2 replies to Why There Are No Arguments for Terrorism Use a feed to Follow replies to this article

  1. John Game

    A brief point on your ‘begging the question’ argument. Only a sophist would deny that the mass murder of innocents is wrong. However many more people then sophists would deny, for example, that there can never be such a thing as a just war (which frequently results in the murder of innocents). At this point arguments will be raised about whether or not civilian deaths in the context of warfare can be considered ‘murder’ or whether this is not excessively emotional language. But of course a person (and there are many such people) who resisted the label of terrorist as emotive in the case of this or that insurgency would probably argue exactly the same thing. One criticism of Honderich from a pro-Palestinian point of view has been precisely that in ceding the term terrorism he falls into contradiction. However I am fascinated by a philosophical tradition which debates endlessly exactly the circumstances in which innocent civilians may be done to death but throws up its hands in horror when it comes to none-state actors. The fact that this is a philosophical tradition born in parts of the world which had states and faced resistance from those who did’nt is perhaps too historical as opposed to a philosophical argument to make in this context to make.
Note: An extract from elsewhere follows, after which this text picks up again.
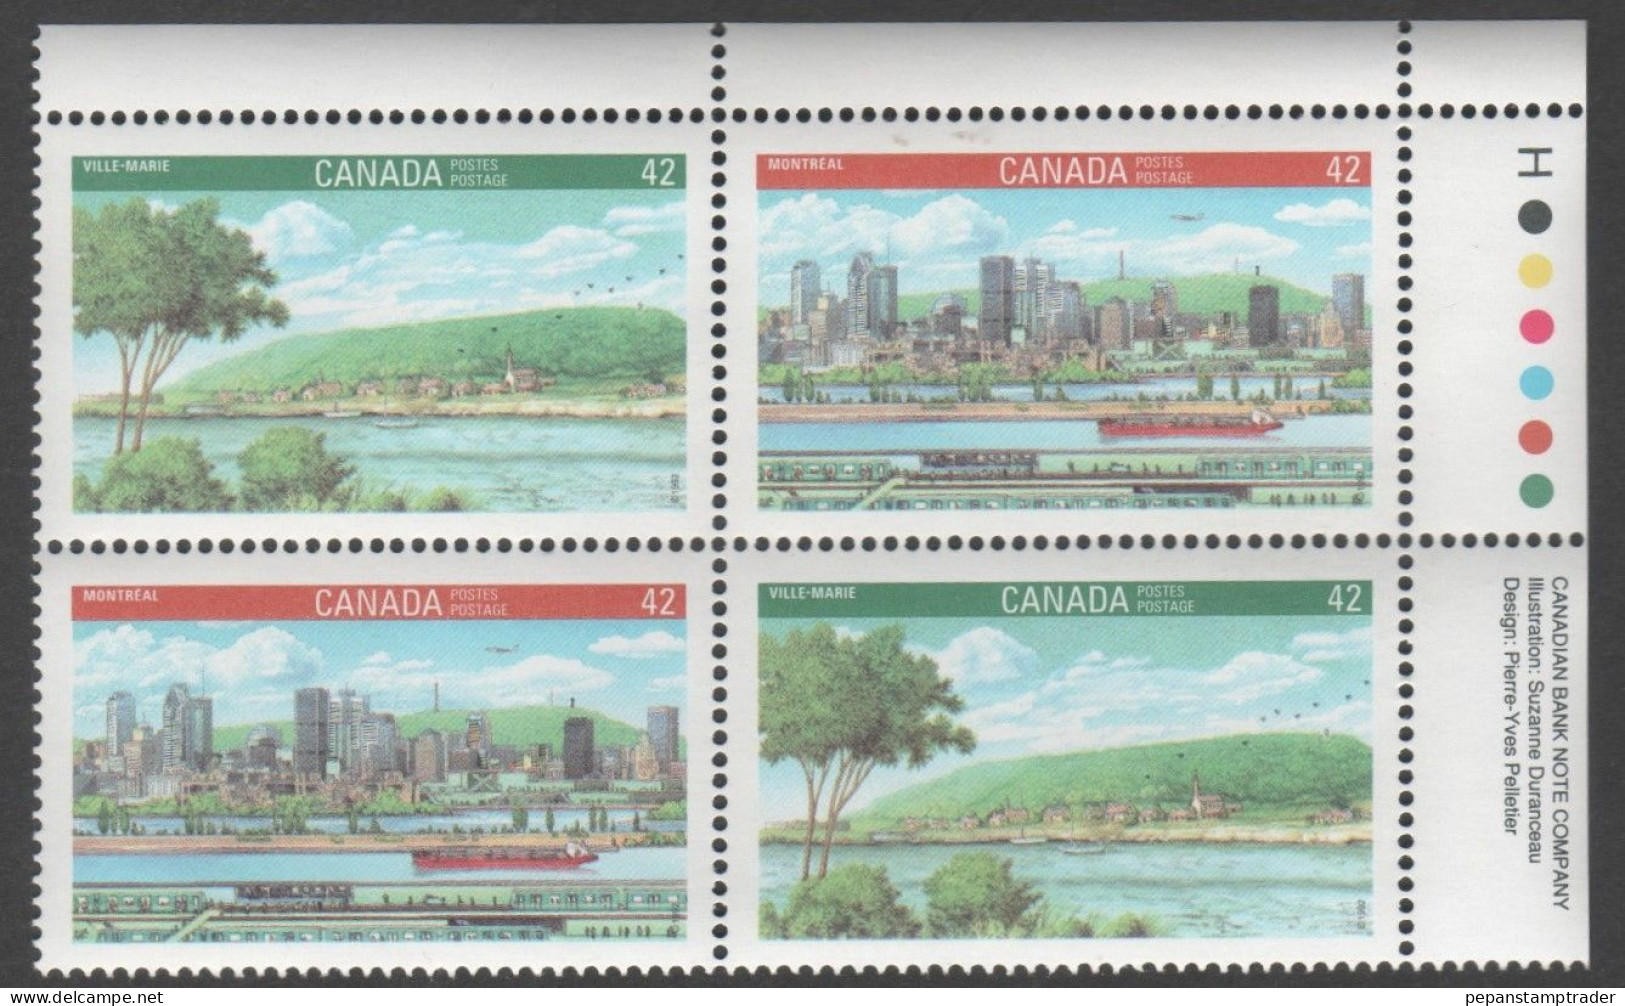 Canada - #1405a - MNH PB - Plate Number & Inscriptions

But it perhaps does require some examination before we reject Ted Honderich’s argument out of hand as a logical fallacy. At least the logical fallacy may not be his but may be rooted in the philosophical tradition which you actually share with him.

— 2008 —

  1. Rad Geek


    I agree with you that if terrorism is wrong for the reasons I indicate here, then so is nearly all of modern warfare, including especially acts like the aerial bombardment of cities (or, for that matter, IDF missle attacks on apartment complexes).

    But I think that that conditional gives you a reason to reject nearly all of modern warfare, and the kind of pseudo-sophisticated just war theory used to compartmentalize and excuse it. It’s not a reason to reject the claim that terrorism is always and everywhere wrong. And I’d use a similar Moorean argument to make the point. The political theorizing and supposed moral intuitions that go into Just War theory are not privileged, in terms of either clarity or plausibility, over the conviction that it’s wrong to blow innocent people up. That much is perfectly obvious to just about anybody just from stopping and looking at the situation when an innocent person does get blown up–which is, I think, part of the reason why war photography tends to have such a searing effect when it is actually published. Just about nobody ever denies this except when they feel that they have a reason of partisan loyalty to start prevaricating and intellectualizing and making up excuses on behalf of powerful armed factions. I agree that Honderich’s fallacy is one that is widely shared amongst writers on war, but it’s not one that I share; it’s one that I’ve explicitly considered and rejected.